Sa fille a été violée en soirée étudiante : "Elle a fait une tentative de suicide"

  • Copié
Léa Beaudufe-Hamelin , modifié à
La fille de Marie a fait une tentative de suicide après avoir été violée par un de ses amis lors d’une soirée étudiante. Au micro d’Olivier Delacroix, sur "La Libre antenne" d’Europe 1, Marie raconte comment elle et son mari ont accompagné leur fille qui ne voulait d’abord pas leur en parler.
TÉMOIGNAGE

La fille de Marie a été violée par un de ses amis lors d’une soirée étudiante. Ce n’est que trois semaines plus tard que ses parents l’ont appris, après qu’elle a fait une tentative de suicide. Au micro de "La Libre antenne", sur Europe 1, Marie raconte le parcours de reconstruction de sa fille qui commence à aller mieux, un an après les faits. Elle invite aussi les parents à davantage éduquer les garçons autour de la notion de consentement.

"Notre fille de 20 ans a été violée lors d’une soirée étudiante par un de ses amis. Elle ne nous en a pas parlé. Nous avons été mis au courant par une de ses amies trois semaines après, parce qu’elle a fait une tentative de suicide. Elle est à plusieurs centaines de kilomètres de notre maison. Nous sommes allés la voir immédiatement. J’étais totalement désemparée. J’étais incapable de l’aider, incapable de comprendre le fait qu’elle ait souhaité mourir et incapable de comprendre cette souffrance énorme qu’elle a dû ressentir pendant ces trois semaines où elle ne nous a pas demandé d’aide.

" Elle se sent coupable, pas victime "

Quand on est arrivés, elle nous a dit qu’elle ne porterait pas plainte. Elle était catégorique. Elle se sent coupable, pas victime. Il fallait qu’on fasse des choses avec elle, mais qu’on ne parle surtout pas de ça. Après, elle a réussi à en parler. J’ai cru comprendre qu’il était amoureux d’elle. Je suis très en colère qu’elle ait eu envie de mourir. Je ne veux pas du tout minimiser l’acte, bien sûr que ce n’est pas acceptable qu’un garçon continue quand une fille ne veut pas. Ma fille n’a pas dit non, elle n’a pas réussi à le prononcer. 

Les choses ont changé. Quand je regarde 40 ans en arrière, je pense que ma première relation sexuelle n’était pas du tout voulue. Je n’ai rien dit, comme ma fille. Le lendemain, je n’étais pas bien, mais ma vie a continué. J’ai l’impression de minimiser, mais je ne veux pas minimiser. Ce n’était pas la même époque.

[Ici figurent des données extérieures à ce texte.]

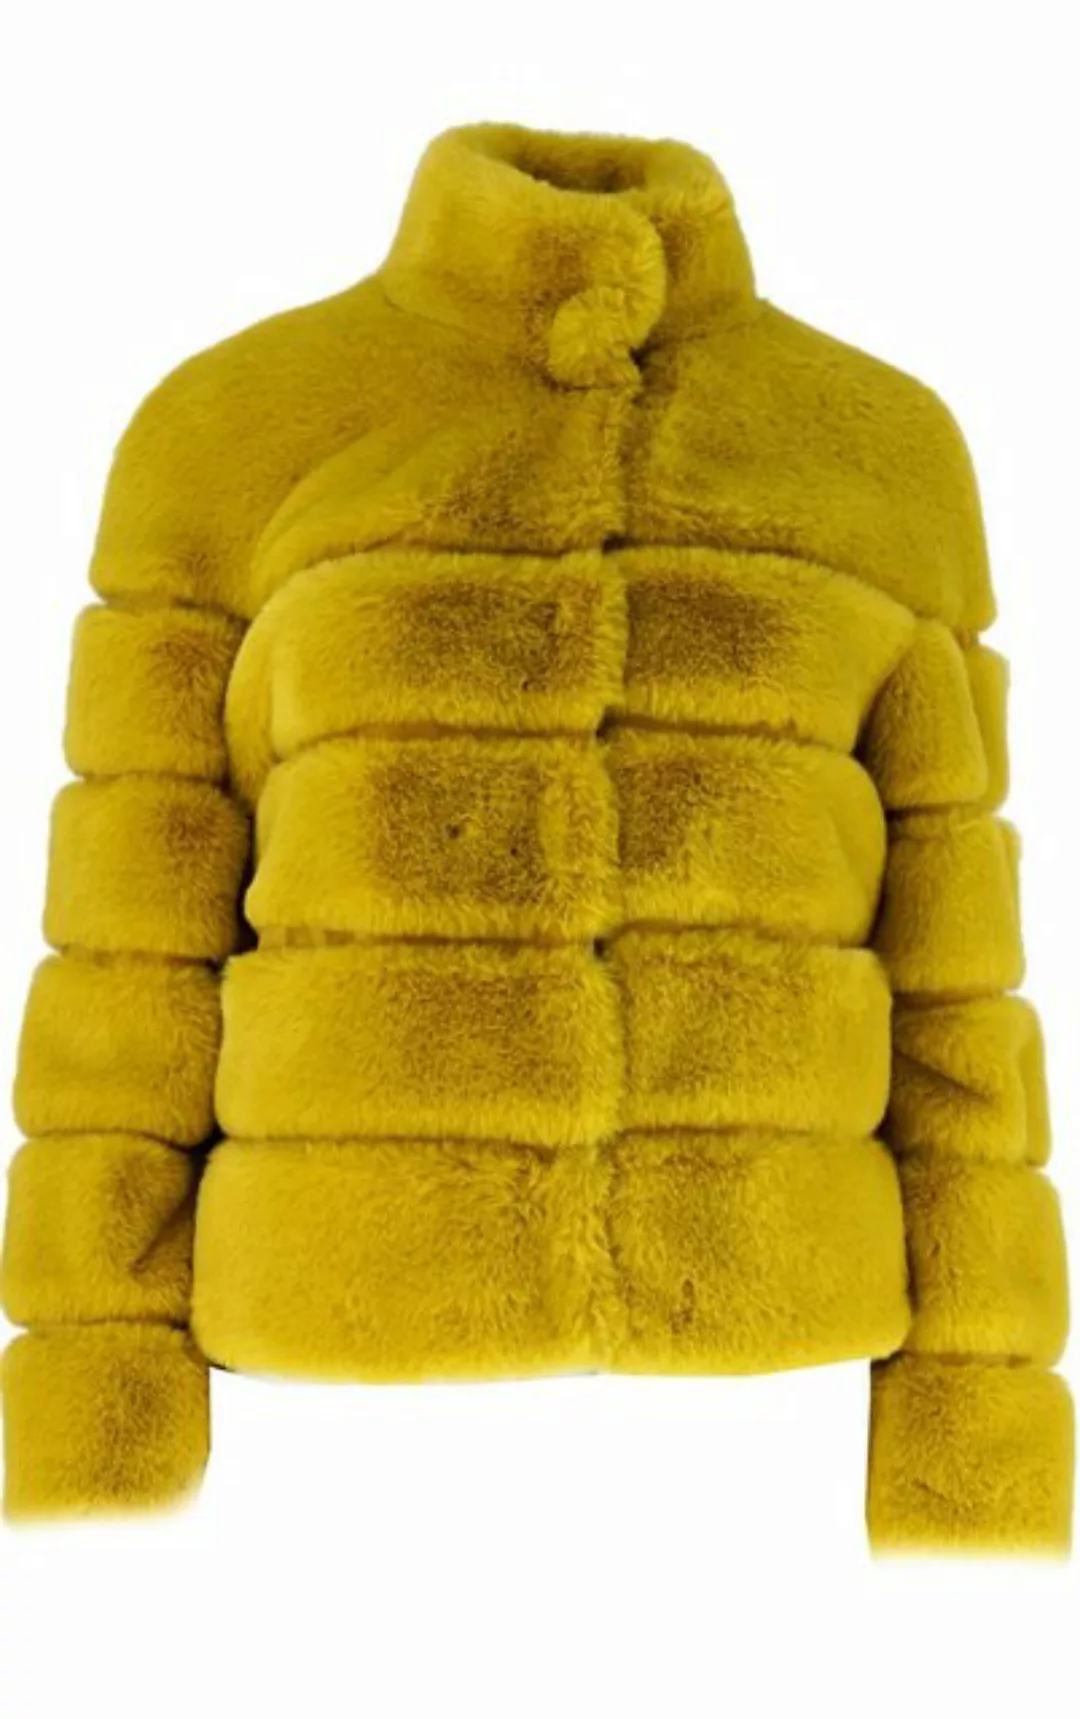 Antonio Cavosi Winterjacke hochwertige Web-Pellz Jacke in gelb Winterjacke günstig online kaufen

J’ai continué à vivre normalement, pourquoi ça ne s’est pas passé comme ça pour elle ? Pourquoi a-t-elle risqué de mourir ?

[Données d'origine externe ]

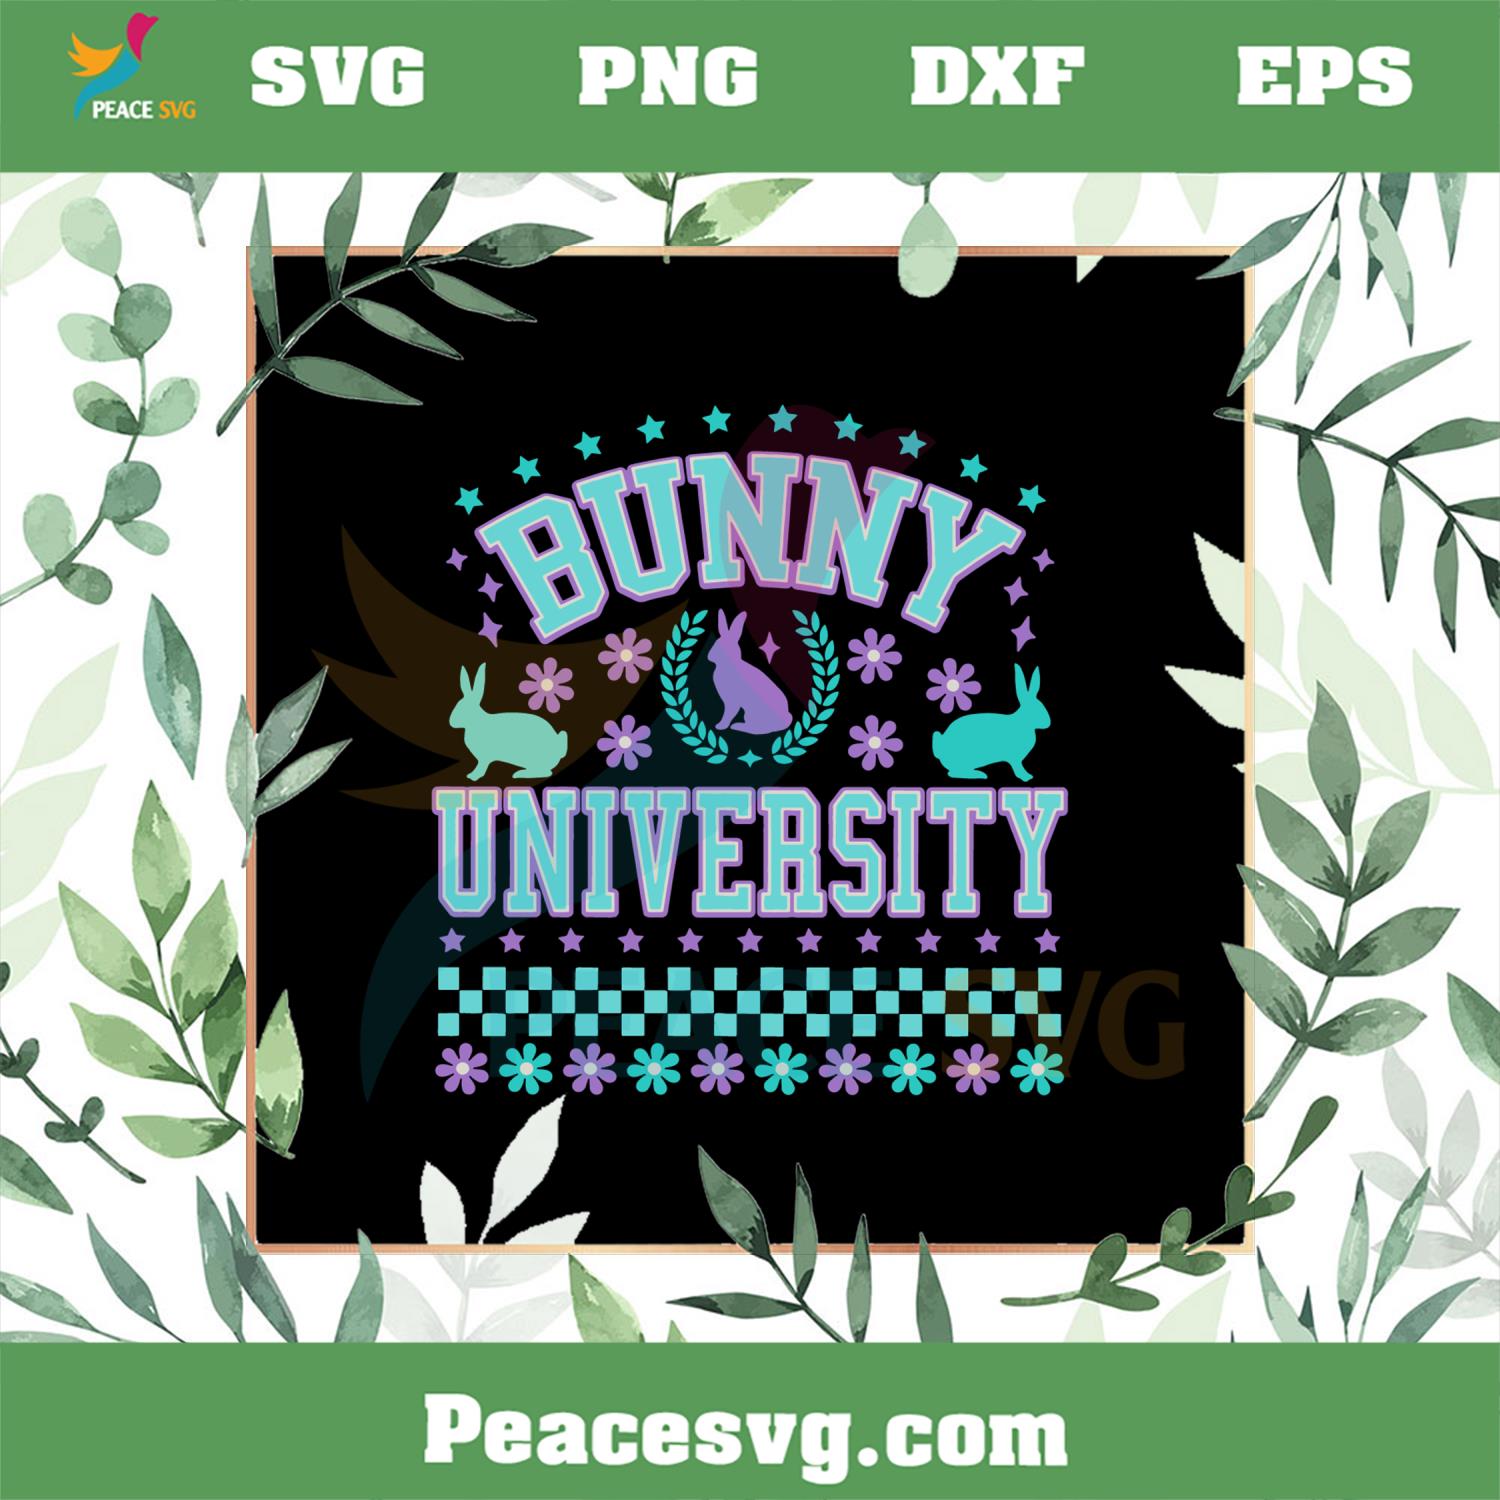 Bunny University Happy Easter Bunny Best SVG Cutting Digital Files

" Il ne faut pas réclamer qu’elle parle "

Il s’est écoulé presqu'un an. Elle commence à aller mieux et à ressortir. On commence à voir le bout du tunnel. Je suis sûre qu’elle va s’en sortir. Il y a eu le confinement et les vacances scolaires. Je pense qu’elle va être amenée à revoir ce garçon. Elle m’a dit qu’il avait cherché à reprendre contact avec elle, parce qu’il est visiblement épris d’elle. Ça ne se fera jamais, mais j’aimerais tellement pouvoir le rencontrer et lui dire le mal qu’il lui a fait. A-t-il seulement conscience de ce qu’il a fait ?

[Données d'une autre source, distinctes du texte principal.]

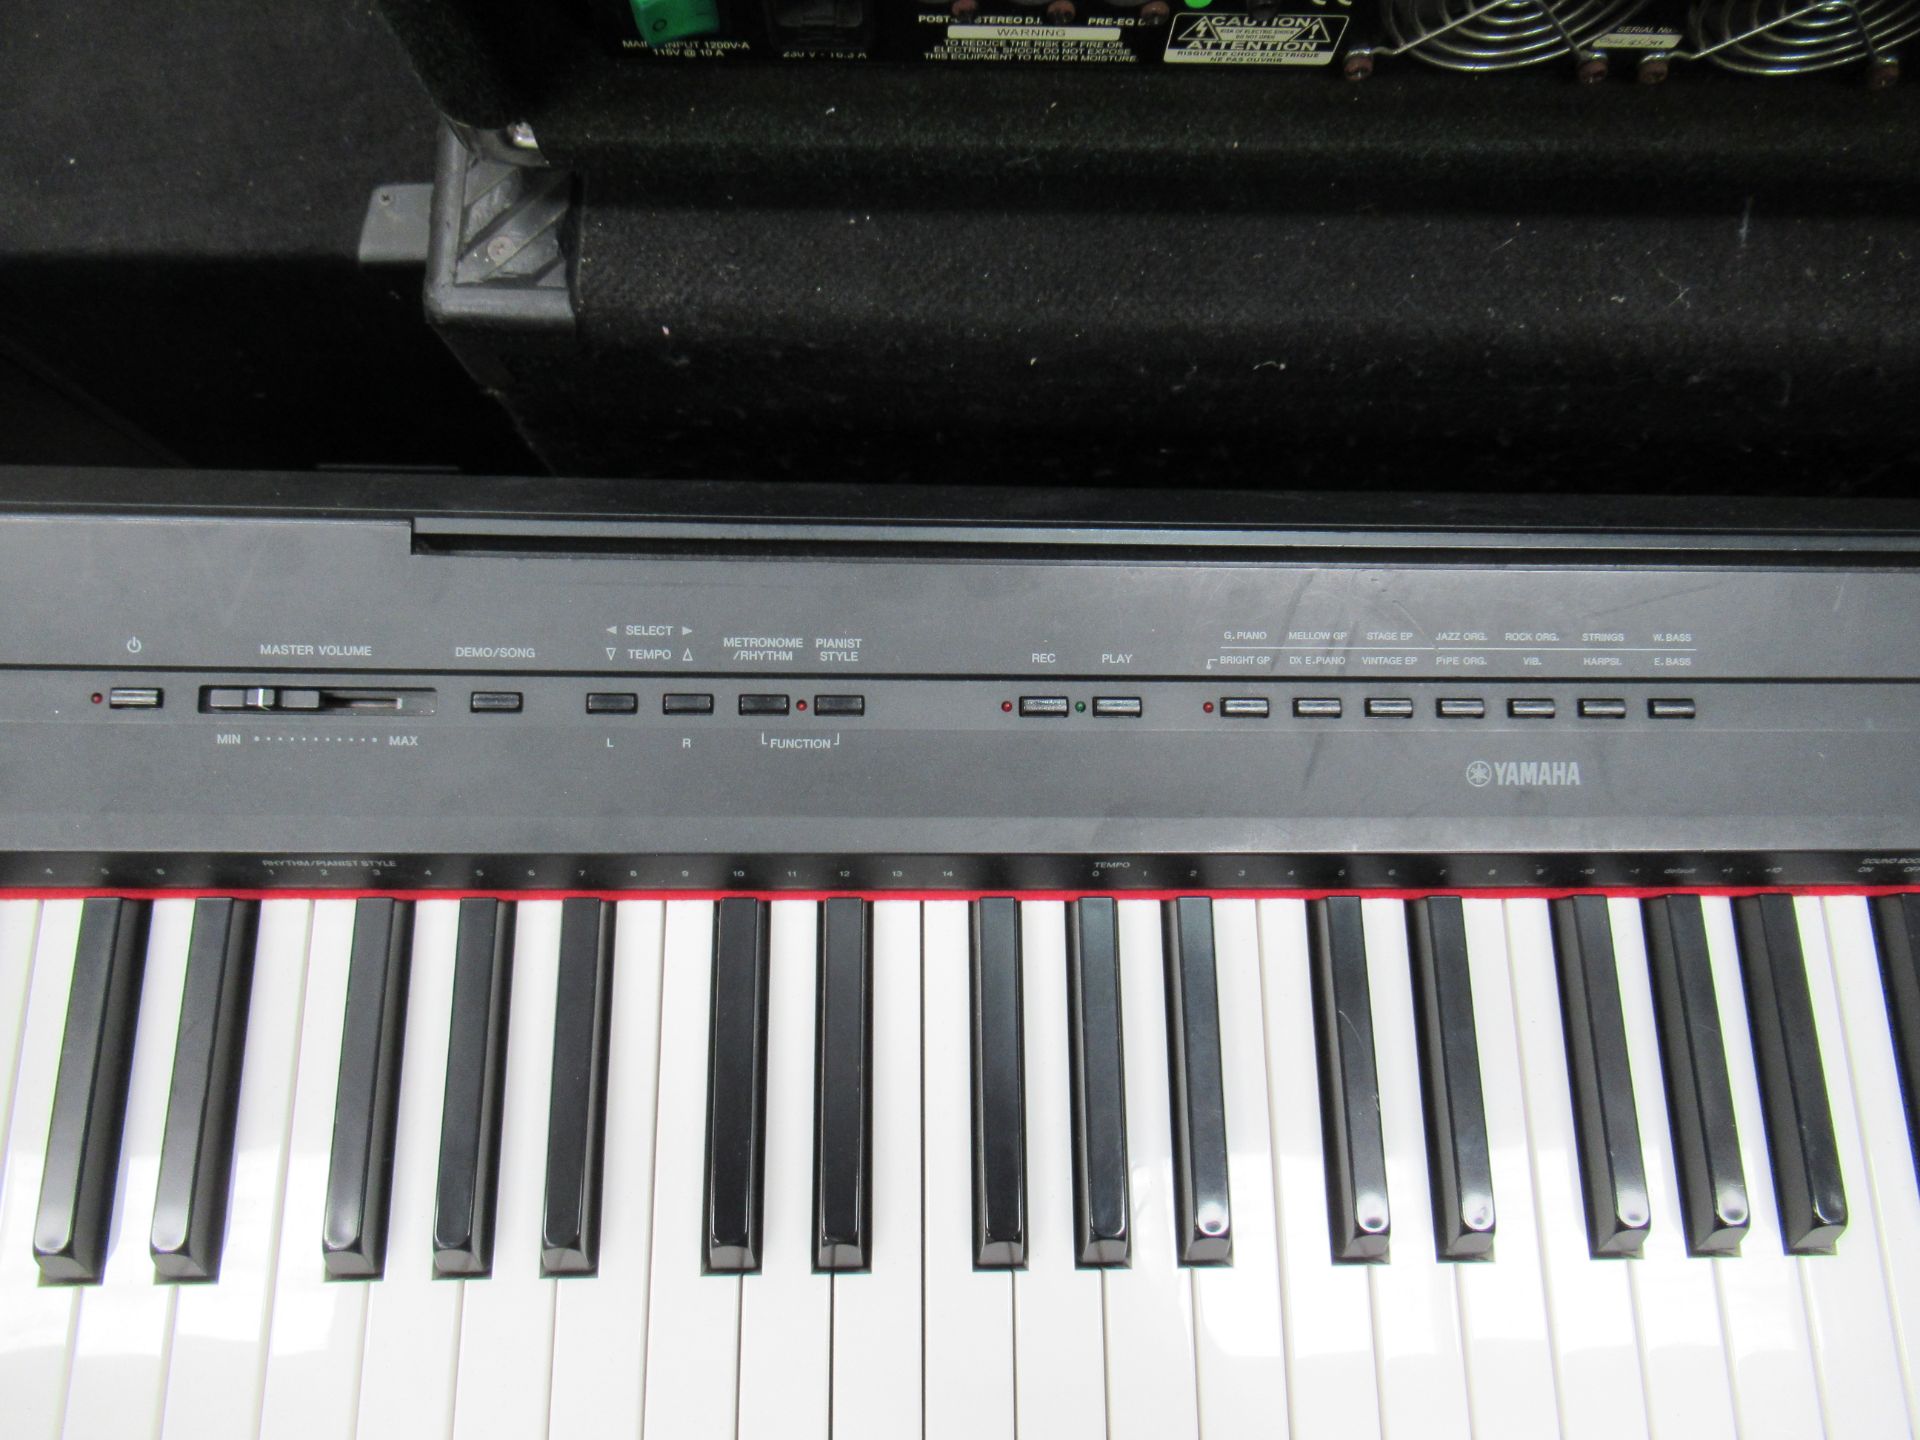 Yamaha 'Digital Piano' model P-115 - Image 4 of 5

Bien qu’on se soit sentis impuissants et dévastés, à force de patience, d’amour, d’être toujours à son écoute à n’importe quelle heure de la nuit, on s’en sort. On voyait ça sans issue, on se disait qu’elle ne pourrait plus jamais revivre comme avant. Son papa a joué un rôle très important. Moi, j’avais trop de colère en moi. Je voulais qu’elle me parle, mais il ne faut pas réclamer qu’elle parle. Je pense qu’il a su moins faire état de son inquiétude et de sa souffrance. Pourtant, je sais que c’était très difficile pour lui.

Je pense que c’est aussi la faute des parents vis-à-vis des garçons. On a toujours peur pour nos filles, on les met en garde. Mais on ne parle jamais à nos garçons du fait qu’ils n’ont pas le droit de coucher avec une fille lorsqu’elle ne veut pas. Il faut que les parents intègrent cette valeur dans leur éducation. Je ne l’ai pas fait pour mes garçons qui ont 30 ans. Ça doit être quelque chose dont on parle en famille. Il faut que ce soit une évidence pour eux."